• _EXERCISE BRIEF_
Give back, word for word, the line that contains "Samsonite - Mobile" and all lines after it in the material, through the last; please include only these.

::::

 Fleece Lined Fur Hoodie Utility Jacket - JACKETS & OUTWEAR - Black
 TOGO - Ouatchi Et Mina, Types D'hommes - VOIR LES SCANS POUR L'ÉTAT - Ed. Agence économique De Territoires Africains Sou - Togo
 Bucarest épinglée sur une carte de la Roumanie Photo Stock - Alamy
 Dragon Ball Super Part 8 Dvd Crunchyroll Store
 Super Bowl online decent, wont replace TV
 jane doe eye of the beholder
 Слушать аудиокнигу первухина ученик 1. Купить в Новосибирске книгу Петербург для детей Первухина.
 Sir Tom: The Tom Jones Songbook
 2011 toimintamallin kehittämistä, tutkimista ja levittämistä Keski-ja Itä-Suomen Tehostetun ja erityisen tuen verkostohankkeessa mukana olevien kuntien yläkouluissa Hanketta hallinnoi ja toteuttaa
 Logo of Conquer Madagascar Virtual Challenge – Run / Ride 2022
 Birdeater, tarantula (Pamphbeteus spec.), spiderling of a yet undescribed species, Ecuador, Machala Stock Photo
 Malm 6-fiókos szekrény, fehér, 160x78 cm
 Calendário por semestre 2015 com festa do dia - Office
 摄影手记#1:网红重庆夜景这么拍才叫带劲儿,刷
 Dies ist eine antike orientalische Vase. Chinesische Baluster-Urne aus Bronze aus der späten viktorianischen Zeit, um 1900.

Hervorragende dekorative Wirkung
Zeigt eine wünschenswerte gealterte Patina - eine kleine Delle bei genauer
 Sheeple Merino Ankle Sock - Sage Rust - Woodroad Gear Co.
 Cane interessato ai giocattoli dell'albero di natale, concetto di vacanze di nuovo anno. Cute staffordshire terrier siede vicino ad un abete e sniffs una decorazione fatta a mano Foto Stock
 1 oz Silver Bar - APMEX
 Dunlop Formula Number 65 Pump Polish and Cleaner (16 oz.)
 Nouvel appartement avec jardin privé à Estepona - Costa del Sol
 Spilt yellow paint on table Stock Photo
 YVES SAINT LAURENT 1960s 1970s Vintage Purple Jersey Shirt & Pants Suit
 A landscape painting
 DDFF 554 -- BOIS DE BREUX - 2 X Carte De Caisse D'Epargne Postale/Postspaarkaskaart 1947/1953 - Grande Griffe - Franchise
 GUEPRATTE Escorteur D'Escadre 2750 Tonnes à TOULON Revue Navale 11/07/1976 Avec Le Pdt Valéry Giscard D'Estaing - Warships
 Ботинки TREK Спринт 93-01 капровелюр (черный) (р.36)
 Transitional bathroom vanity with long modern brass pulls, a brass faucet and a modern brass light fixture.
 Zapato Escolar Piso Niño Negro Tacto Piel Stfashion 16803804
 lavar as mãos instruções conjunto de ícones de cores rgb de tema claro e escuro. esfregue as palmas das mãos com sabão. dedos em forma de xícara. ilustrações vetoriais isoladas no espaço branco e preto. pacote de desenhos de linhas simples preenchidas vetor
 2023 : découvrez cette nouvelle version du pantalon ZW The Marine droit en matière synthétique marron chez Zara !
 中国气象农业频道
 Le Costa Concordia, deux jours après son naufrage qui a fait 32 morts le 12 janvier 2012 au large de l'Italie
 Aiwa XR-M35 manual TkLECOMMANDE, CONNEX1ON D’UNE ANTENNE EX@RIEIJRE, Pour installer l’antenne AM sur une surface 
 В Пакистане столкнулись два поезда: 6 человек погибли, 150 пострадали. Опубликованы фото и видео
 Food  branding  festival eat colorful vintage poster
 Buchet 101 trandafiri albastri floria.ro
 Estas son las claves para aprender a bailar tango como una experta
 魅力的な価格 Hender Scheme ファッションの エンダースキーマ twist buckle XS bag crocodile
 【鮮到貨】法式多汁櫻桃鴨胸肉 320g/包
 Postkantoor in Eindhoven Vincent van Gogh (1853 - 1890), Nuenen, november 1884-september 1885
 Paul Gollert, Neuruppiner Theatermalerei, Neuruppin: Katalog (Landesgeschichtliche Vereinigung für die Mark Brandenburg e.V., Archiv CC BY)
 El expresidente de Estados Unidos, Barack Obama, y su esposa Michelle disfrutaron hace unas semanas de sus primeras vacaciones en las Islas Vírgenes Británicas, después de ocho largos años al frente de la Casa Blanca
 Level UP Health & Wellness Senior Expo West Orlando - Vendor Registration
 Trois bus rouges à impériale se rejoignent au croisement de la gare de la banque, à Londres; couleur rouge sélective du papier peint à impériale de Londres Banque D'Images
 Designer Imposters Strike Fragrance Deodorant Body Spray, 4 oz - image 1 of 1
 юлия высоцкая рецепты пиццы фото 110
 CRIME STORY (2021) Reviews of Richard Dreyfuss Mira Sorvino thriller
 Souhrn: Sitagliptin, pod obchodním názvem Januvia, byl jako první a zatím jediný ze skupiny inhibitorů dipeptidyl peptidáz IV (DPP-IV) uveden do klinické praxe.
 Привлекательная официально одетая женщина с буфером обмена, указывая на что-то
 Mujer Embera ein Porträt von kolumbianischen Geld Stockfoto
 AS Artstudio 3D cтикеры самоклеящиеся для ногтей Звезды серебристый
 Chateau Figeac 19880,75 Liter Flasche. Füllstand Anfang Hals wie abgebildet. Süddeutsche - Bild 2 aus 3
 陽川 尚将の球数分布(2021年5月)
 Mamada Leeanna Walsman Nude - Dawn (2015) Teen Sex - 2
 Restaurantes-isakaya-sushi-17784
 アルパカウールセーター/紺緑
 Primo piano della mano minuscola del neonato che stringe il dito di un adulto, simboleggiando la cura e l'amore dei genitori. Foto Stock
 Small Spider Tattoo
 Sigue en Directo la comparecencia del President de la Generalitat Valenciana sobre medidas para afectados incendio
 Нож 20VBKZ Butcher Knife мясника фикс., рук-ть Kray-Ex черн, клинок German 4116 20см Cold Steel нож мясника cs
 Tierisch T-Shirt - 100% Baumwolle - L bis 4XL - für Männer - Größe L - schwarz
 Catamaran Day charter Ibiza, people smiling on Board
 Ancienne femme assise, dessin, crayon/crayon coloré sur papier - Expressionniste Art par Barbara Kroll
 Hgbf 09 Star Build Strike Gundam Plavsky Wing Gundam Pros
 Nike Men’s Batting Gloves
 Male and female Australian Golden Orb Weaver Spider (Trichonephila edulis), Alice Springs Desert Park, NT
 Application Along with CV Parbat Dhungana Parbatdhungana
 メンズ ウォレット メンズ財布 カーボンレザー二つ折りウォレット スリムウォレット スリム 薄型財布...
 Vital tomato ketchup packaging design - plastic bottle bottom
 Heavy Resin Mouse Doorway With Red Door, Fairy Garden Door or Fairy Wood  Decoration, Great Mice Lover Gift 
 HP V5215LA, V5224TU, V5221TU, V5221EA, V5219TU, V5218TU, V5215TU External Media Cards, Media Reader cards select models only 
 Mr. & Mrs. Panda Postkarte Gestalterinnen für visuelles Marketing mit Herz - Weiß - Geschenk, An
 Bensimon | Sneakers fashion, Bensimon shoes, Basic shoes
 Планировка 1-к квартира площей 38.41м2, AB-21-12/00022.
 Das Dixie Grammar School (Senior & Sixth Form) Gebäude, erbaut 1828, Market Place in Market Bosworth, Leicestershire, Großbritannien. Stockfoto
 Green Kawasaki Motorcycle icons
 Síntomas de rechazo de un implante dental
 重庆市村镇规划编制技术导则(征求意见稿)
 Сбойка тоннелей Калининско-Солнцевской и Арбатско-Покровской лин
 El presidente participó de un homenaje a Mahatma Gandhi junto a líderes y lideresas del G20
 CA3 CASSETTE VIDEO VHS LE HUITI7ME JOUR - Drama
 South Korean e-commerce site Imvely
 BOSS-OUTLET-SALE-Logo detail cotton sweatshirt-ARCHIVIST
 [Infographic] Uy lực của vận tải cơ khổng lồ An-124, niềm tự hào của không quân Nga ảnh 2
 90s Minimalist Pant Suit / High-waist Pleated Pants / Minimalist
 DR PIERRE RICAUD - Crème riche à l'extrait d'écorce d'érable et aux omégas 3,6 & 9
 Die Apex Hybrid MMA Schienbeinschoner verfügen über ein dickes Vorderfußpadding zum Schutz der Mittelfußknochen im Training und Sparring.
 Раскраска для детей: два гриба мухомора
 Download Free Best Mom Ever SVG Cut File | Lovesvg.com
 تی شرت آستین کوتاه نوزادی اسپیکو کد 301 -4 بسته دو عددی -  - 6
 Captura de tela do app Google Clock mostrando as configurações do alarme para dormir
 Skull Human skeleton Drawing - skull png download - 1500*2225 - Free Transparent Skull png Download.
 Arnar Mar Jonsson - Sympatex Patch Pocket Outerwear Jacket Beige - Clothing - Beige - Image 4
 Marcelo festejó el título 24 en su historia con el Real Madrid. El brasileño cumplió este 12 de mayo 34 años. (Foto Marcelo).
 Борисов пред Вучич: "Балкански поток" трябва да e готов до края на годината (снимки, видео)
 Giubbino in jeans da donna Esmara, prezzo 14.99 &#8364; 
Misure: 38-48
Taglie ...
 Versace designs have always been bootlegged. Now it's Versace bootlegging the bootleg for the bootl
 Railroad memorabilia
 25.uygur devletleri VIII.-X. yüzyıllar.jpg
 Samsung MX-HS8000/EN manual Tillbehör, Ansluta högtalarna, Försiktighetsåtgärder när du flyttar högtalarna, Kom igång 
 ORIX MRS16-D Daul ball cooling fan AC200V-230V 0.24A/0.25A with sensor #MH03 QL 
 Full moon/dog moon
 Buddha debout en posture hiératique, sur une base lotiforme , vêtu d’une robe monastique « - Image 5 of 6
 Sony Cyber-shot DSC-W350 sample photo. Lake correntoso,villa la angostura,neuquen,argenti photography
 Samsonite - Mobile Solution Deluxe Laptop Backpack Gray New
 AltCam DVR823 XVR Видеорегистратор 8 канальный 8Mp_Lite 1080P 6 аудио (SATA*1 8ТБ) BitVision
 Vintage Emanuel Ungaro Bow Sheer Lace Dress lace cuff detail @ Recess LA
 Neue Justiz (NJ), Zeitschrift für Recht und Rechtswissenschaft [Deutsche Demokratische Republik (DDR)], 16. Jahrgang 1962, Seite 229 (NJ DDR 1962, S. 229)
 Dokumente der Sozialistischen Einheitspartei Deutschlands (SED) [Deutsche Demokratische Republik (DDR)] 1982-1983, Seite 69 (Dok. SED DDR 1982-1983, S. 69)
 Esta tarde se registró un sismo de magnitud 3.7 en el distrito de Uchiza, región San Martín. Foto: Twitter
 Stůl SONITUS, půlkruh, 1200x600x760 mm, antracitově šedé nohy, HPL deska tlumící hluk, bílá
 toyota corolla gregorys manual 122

::::

• _EXPECTED OUTPUT_
 Samsonite - Mobile Solution Deluxe Laptop Backpack Gray New
 AltCam DVR823 XVR Видеорегистратор 8 канальный 8Mp_Lite 1080P 6 аудио (SATA*1 8ТБ) BitVision
 Vintage Emanuel Ungaro Bow Sheer Lace Dress lace cuff detail @ Recess LA
 Neue Justiz (NJ), Zeitschrift für Recht und Rechtswissenschaft [Deutsche Demokratische Republik (DDR)], 16. Jahrgang 1962, Seite 229 (NJ DDR 1962, S. 229)
 Dokumente der Sozialistischen Einheitspartei Deutschlands (SED) [Deutsche Demokratische Republik (DDR)] 1982-1983, Seite 69 (Dok. SED DDR 1982-1983, S. 69)
 Esta tarde se registró un sismo de magnitud 3.7 en el distrito de Uchiza, región San Martín. Foto: Twitter
 Stůl SONITUS, půlkruh, 1200x600x760 mm, antracitově šedé nohy, HPL deska tlumící hluk, bílá
 toyota corolla gregorys manual 122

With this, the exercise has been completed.